Required work ▸ Using the data below, set down every line from the one containing "Improper grading can affect your crawlspace" through the one containing "Legally Blonde Free", inclusive and unchanged. Pictures are to be skipped.

── Available data

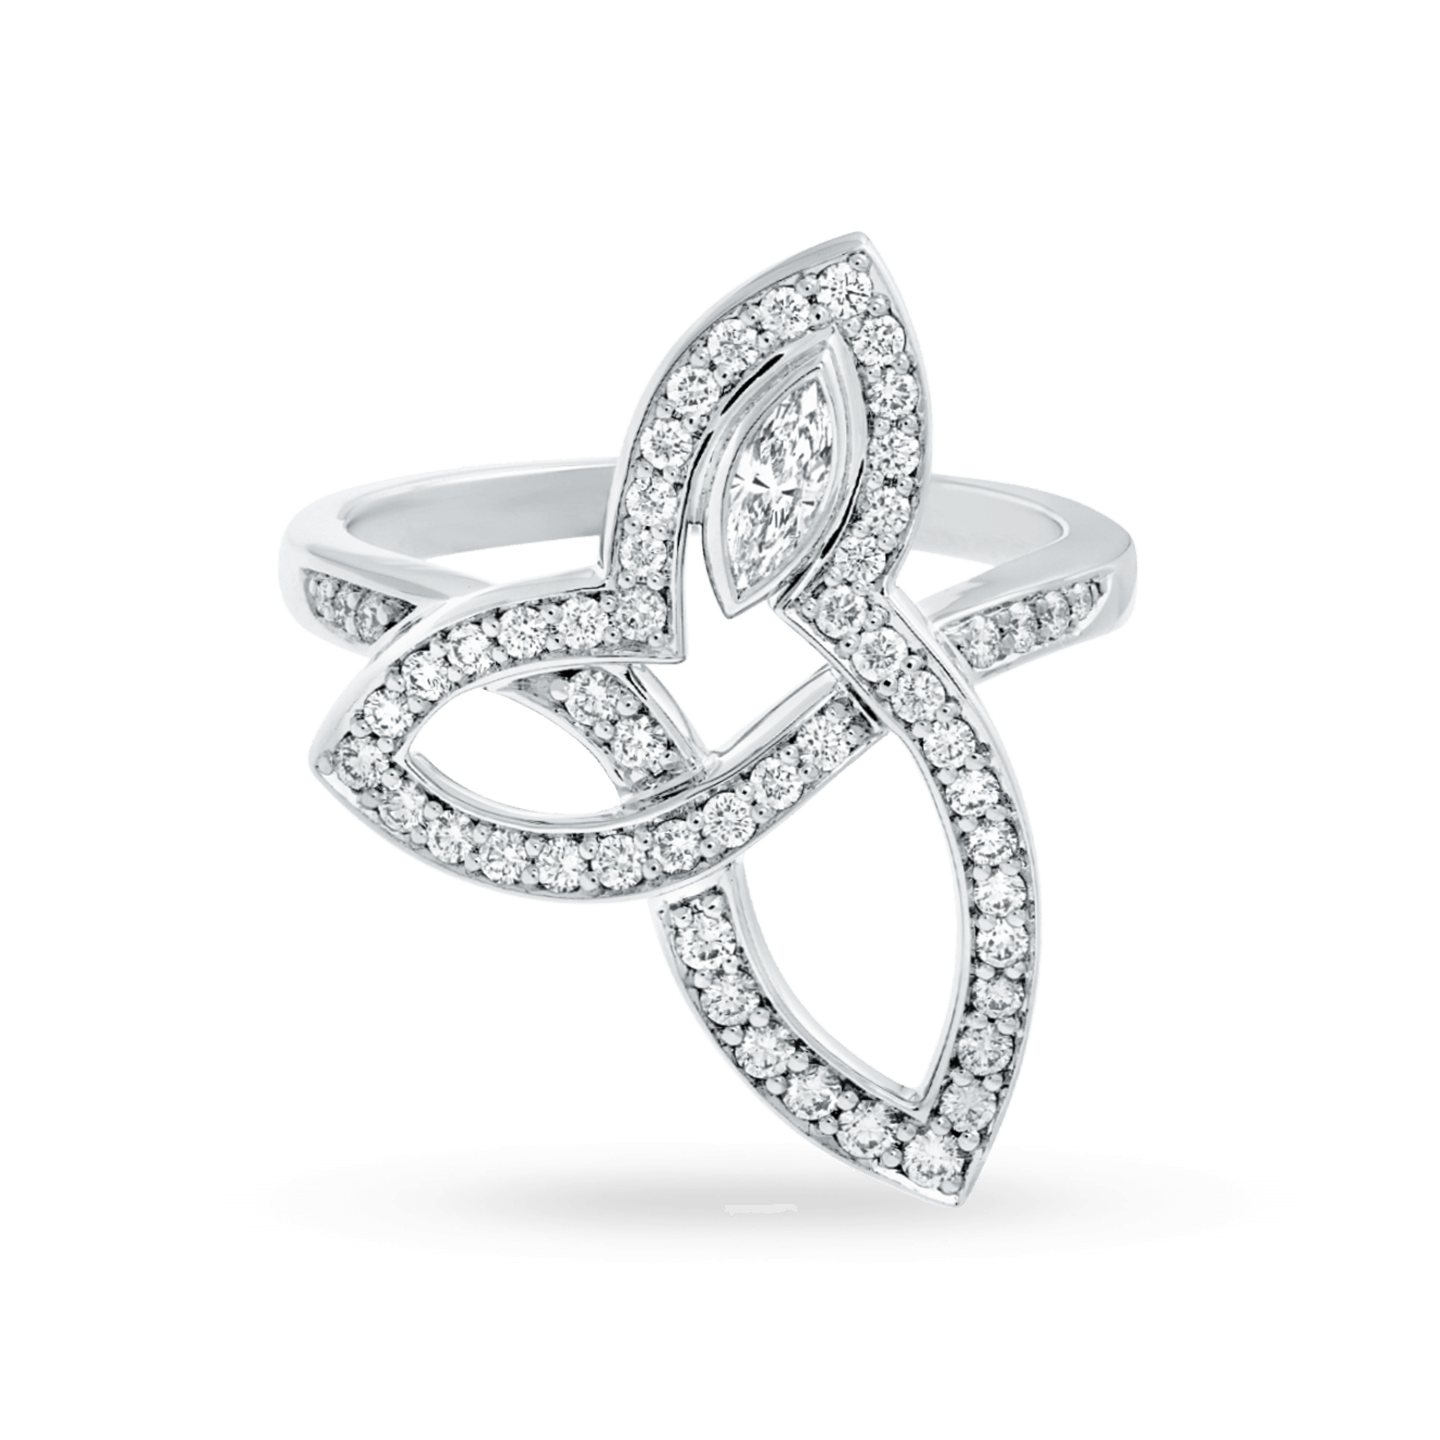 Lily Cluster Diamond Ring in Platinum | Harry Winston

────
── Available data

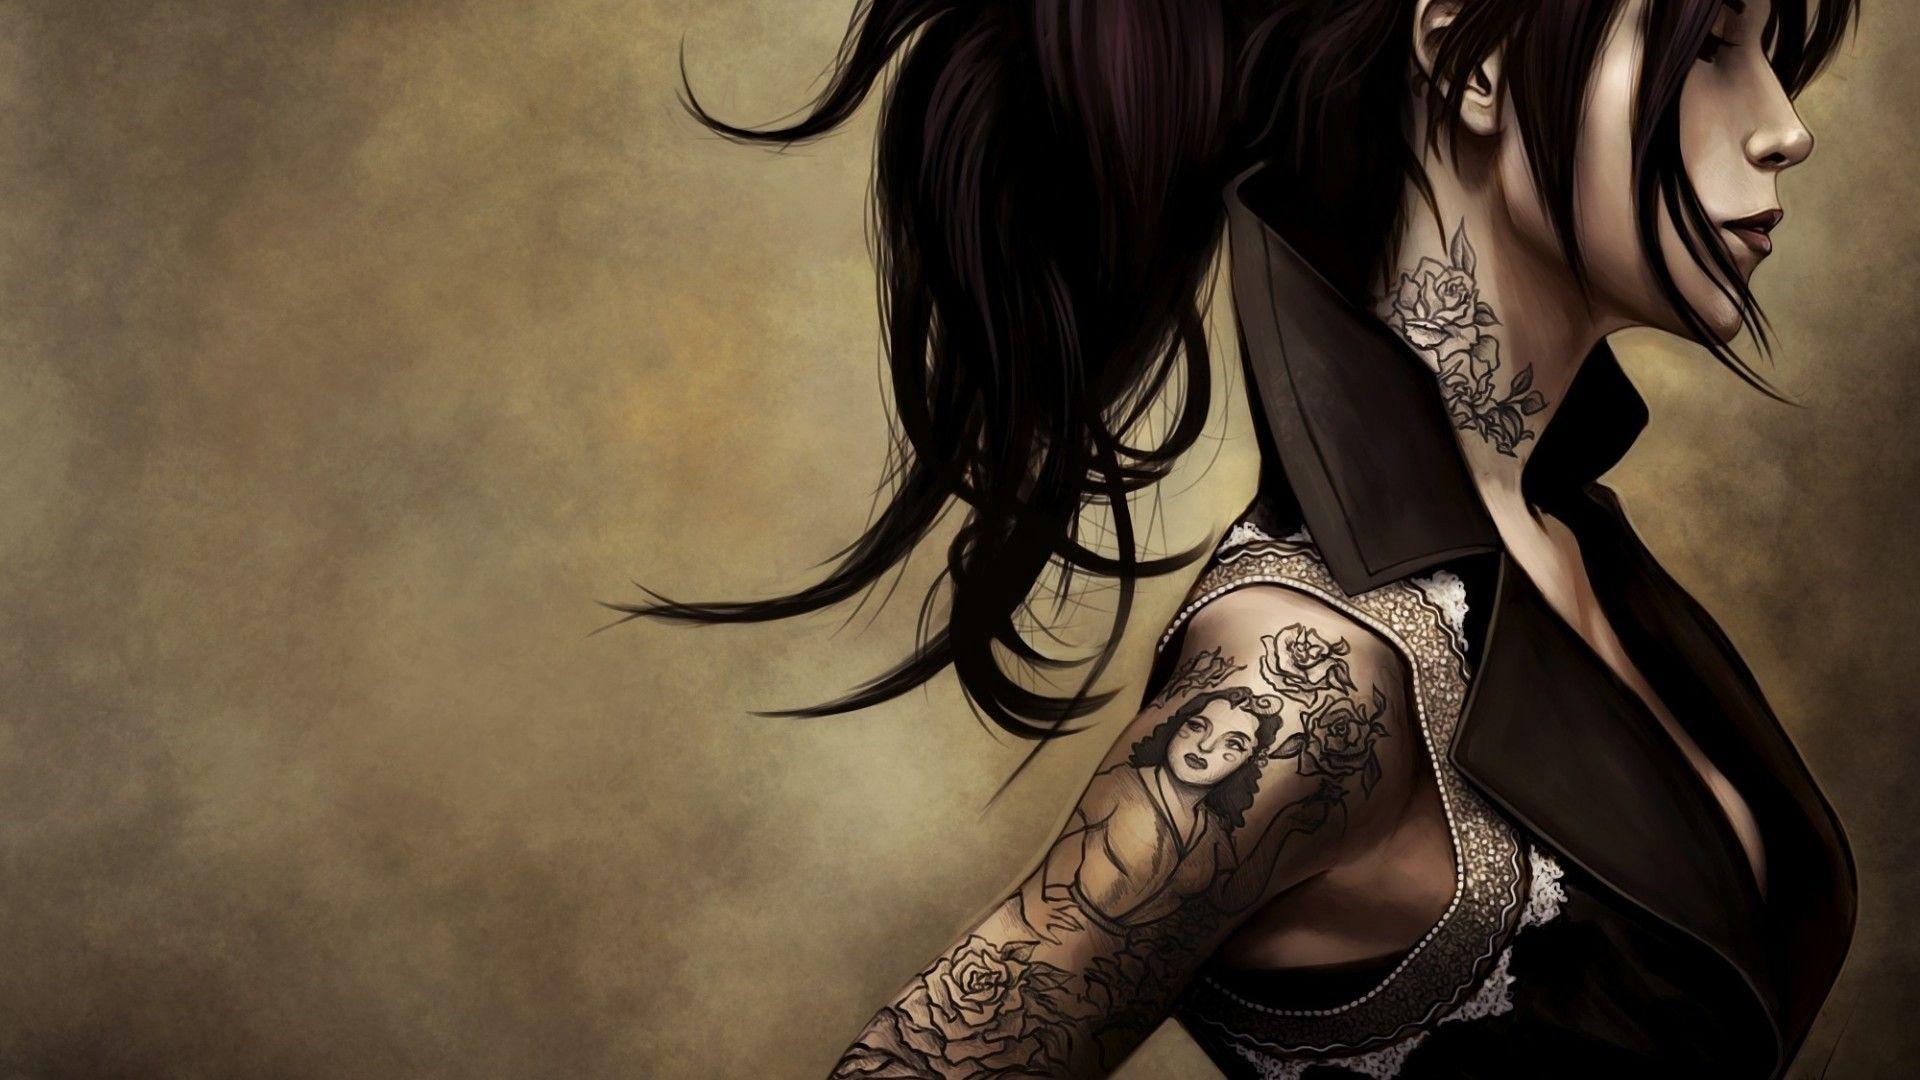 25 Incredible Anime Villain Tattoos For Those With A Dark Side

────
── Available data

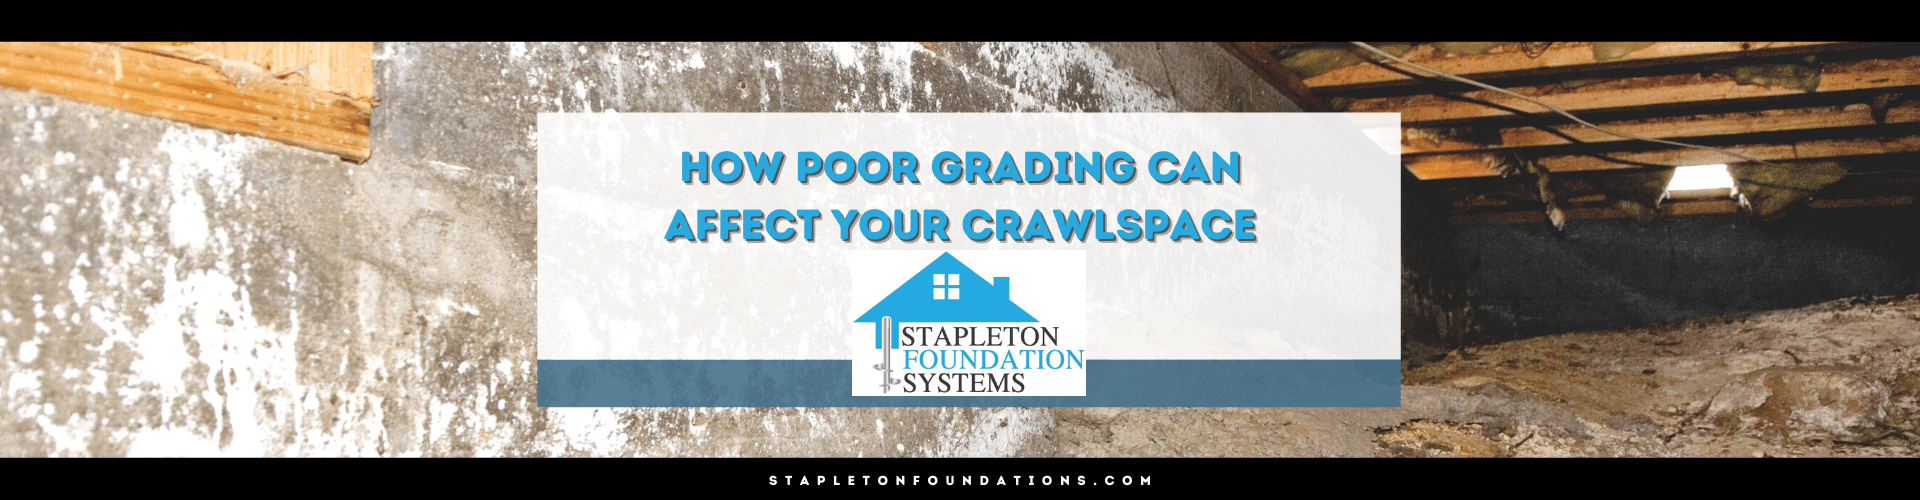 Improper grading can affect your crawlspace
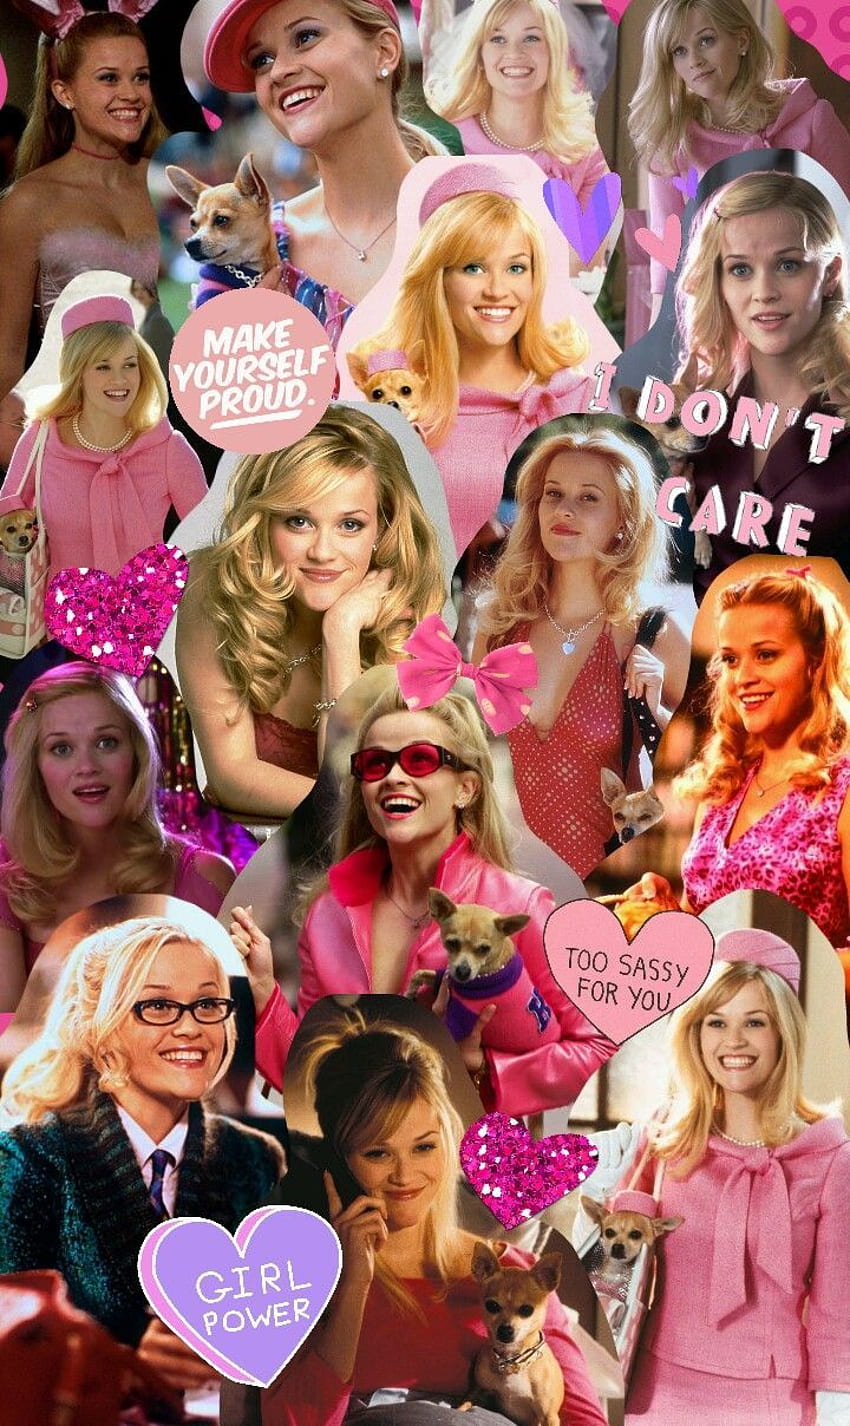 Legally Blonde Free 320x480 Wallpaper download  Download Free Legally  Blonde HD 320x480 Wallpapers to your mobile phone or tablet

────

Result for this task ▸
 Improper grading can affect your crawlspace
 Legally Blonde Free 320x480 Wallpaper download  Download Free Legally  Blonde HD 320x480 Wallpapers to your mobile phone or tablet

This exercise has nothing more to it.